December 25, 2012 01:07 am | Updated November 17, 2021 11:01 am IST

Sachin Tendulkar ranks among four or five of the greatest batsmen to have played Test cricket. But in the one-day game, from which he retired on Sunday, he stands alone. Tendulkar might dispute the point himself, arguing that his idol, Sir Vivian Richards, was at least as great. Indeed the combination of Richards’s average (47) and strike-rate (90.20) is marginally superior, Tendulkar’s corresponding figures being 44.83 and 86.23. But the Indian did it for significantly longer, over a span of 463 matches, to the West Indian’s 187. Longevity is the most demanding test of greatness, for nothing escapes inquiry. And no one has succeeded at this test quite like Tendulkar. Curiously, the great man didn’t take to the one-day format as readily as he did to Test cricket: between 1989 and early 1994, when he batted in the middle-order, he averaged just over 31, his runs coming at the rate of 74 every 100 balls. It needed an accident — incumbent opener Navjot Singh Sidhu suffered a stiff neck in Auckland in March 1994 — to set a phenomenon in motion. Having convinced the team management that he should open, Tendulkar blitzed a match-winning 82 off just 49 balls. Neither he nor the one-day game was the same in India from that moment; the star and his stage were etched even deeper than before in the nation’s collective consciousness.
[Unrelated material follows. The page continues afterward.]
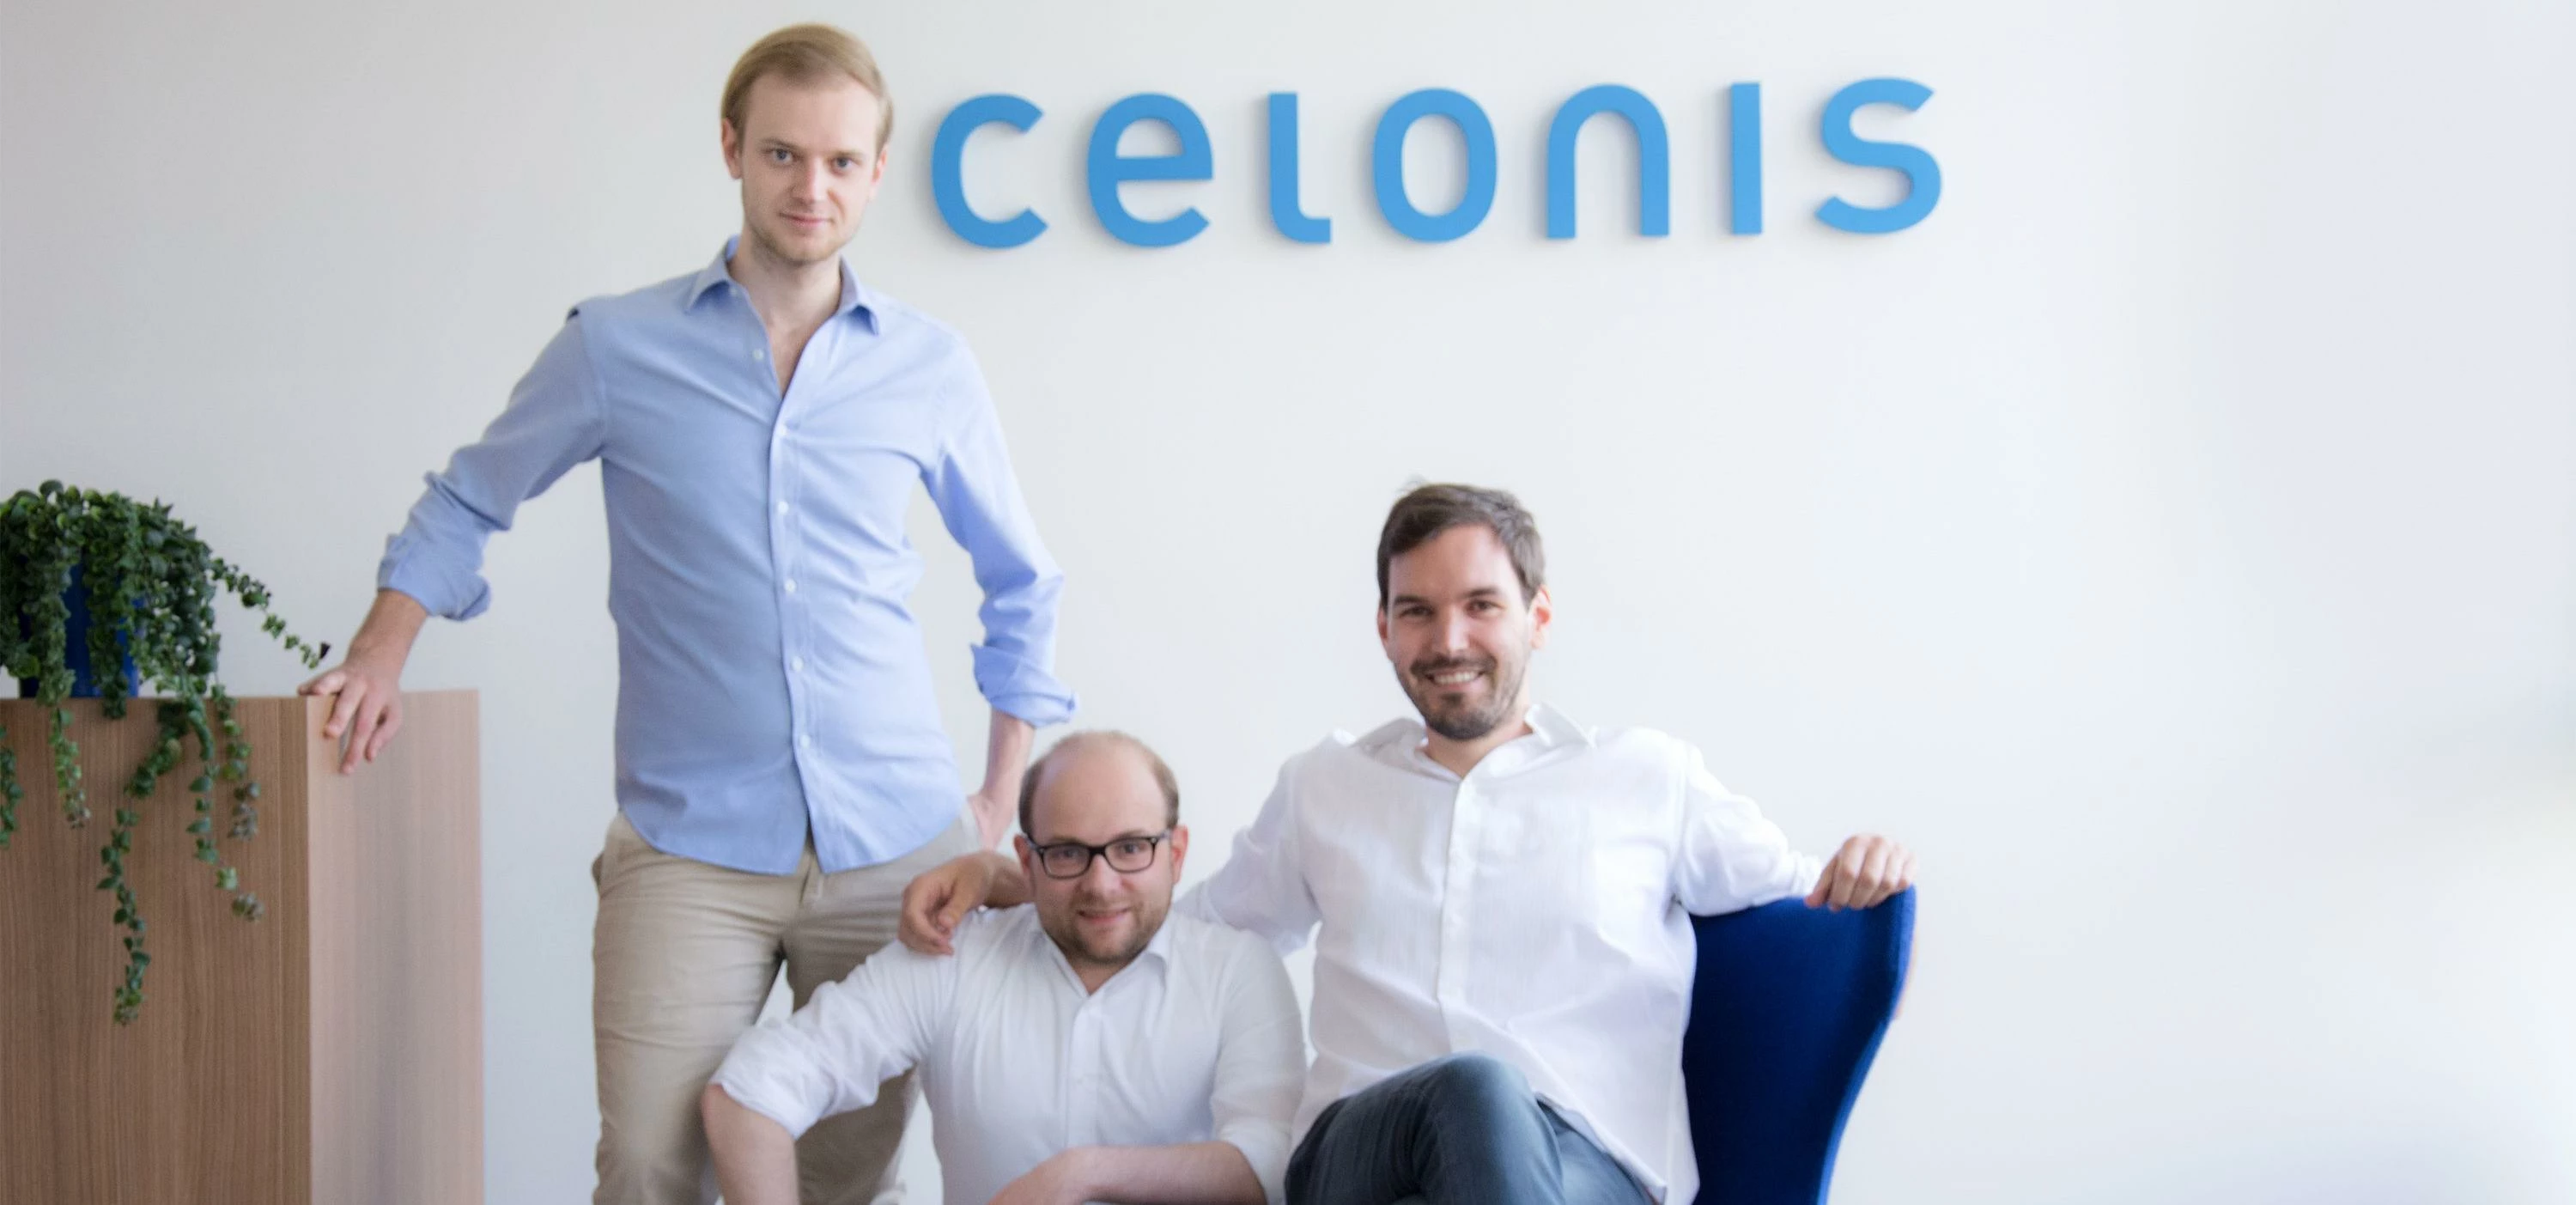 The Celonis founders

Tendulkar’s finest achievement was his finessing of one-day batting into a self-contained art form. Before him, there were, broadly, those who batted much like they did in Test cricket and those who had a ‘slog.’ Richards, Javed Miandad, and Dean Jones were exceptions; they introduced to their run-making, shades of pace — a quality that was seen in their Test play as well, but was employed more proactively in ODIs. Tendulkar expanded this quality and reinvented it constantly. In this way, he defied definition: during the course of an innings, he was several Tendulkars in one. He didn’t begin the trend of hitting the new ball over the top of the infield, but he adapted it in a manner that hadn’t been seen till then. He became a master at ticking it over in the middle overs, conserving energy for an onslaught in the final stages. But his genius lay in the nuance within this apparent template of ‘Attack, Consolidate, Attack’: he had great feel for an innings’ rhythm and the priceless ability to change it almost at will. Thus did he make 49 one-day centuries, one of them the game’s first double when he was very nearly 37. But runs to Tendulkar were only ever a means to winning. Little wonder that the World Cup triumph in 2011 is his most cherished one-day memory. Perhaps he should have retired from the format then; but the period since won’t tarnish a one-day career that appears impossible to surpass.